Le parquet de Mons a indiqué vendredi que les analyses du médecin-légiste dans le cadre du décès de l'ancien directeur financier de Tubize, Philippe Passelecq, n'ont rien révélé de suspect. Le corps de l'homme avait été retrouvé mardi en fin d'après-midi. Rien de suspect n'a été découvert dans le décès de l'ancien directeur financier de Binche. La thèse du suicide est donc confirmée

Licencié sur le champ par la Ville de Binche au début du mois d'octobre après la découverte de mouvements financiers suspects dans les caisses communales, l'intéressé avait disparu de son domicile depuis lundi soir. Le corps de l'intéressé avait été retrouvé mardi en fin de journée.

Après la découverte des soupçons de fraude à Binche, d'autres villes avaient décidé de mener une enquête au niveau des finances communales, notamment Tubize et Seneffe où l'individu a occupé des fonctions similaires à celles qu'il a occupées à Binche.

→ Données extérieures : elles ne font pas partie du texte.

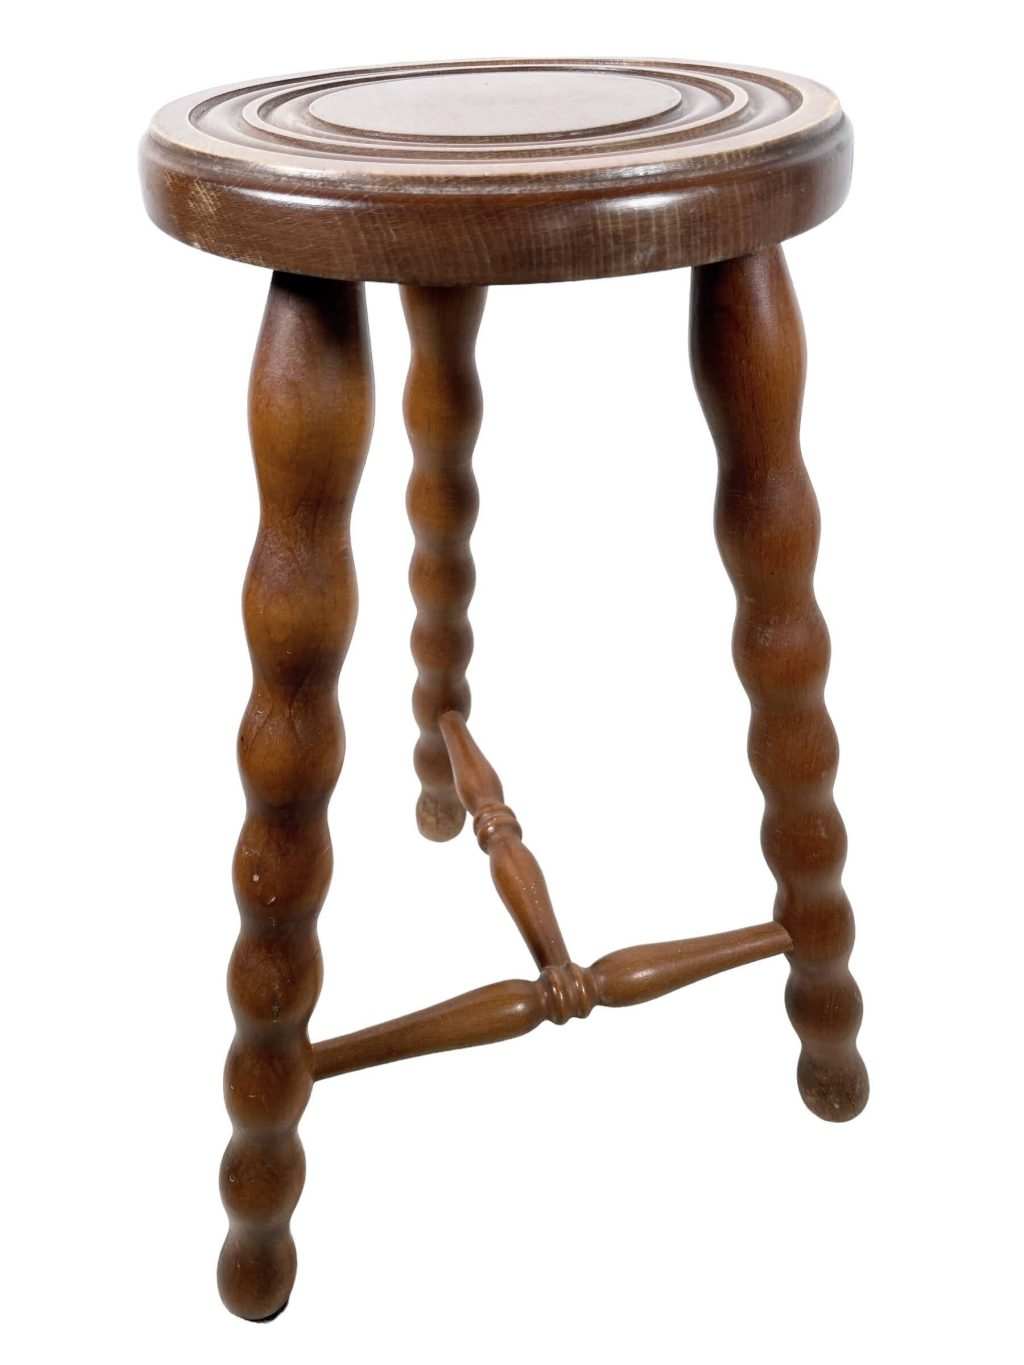 Vintage French Wooden Bobbin Leg Milking Stool Chair Seat Table Farm Circular Shaped Seat Plant Rest Stand Plinth Tabouret c1970-80’s

Pour rappel, les communes de Seneffe, Binche et Tubize ont respectivement perdu 360.000, 45.000 et 85.000 euros. Les mouvements repérés comme suspects s'avèrent effectivement de l'argent détourné par le Louviérois. "Le montant de 360.000 euros se confirme au fur et à mesure des recherches qui sont réalisées", explique la bourgmestre de Seneffe, Bénédicte Poll (MR). "Les suspicions se transforment en faits réels." De leur côté, les communes de Binche et de Tubize continuent également d'éplucher leurs comptes.

Si la commune de Seneffe n'a jamais eu la moindre suspicion auparavant, c'est parce que les virements effectués par M. Passelecq étaient noyés dans une masse. "L'argent était masqué dans les comptes ONSS entre 2010 et 2014. On parle de 90.000 euros par an mais noyés au milieu des comptes ONSS du personnel, soit plusieurs millions d'euros. Il le faisait au départ de comptes destinés au remboursement d'emprunts sur lesquels il n'y a normalement que des prélèvements automatiques. Voilà comment il est passé entre les mailles du filet."

Les trois communes ont entamé des poursuites à l'encontre de M. Passelecq. Son décès éteint automatiquement l'action publique et les poursuites pénales. En revanche, les poursuites judiciaires et civiles sont maintenues. "L'action pénale s'éteint évidemment avec le décès mais nous allons poursuivre la procédure judiciaire au moins pour savoir si d'autres personnes sont impliquées dans ce détournement mais aussi pour récupérer le montant", confie la bourgmestre de Seneffe.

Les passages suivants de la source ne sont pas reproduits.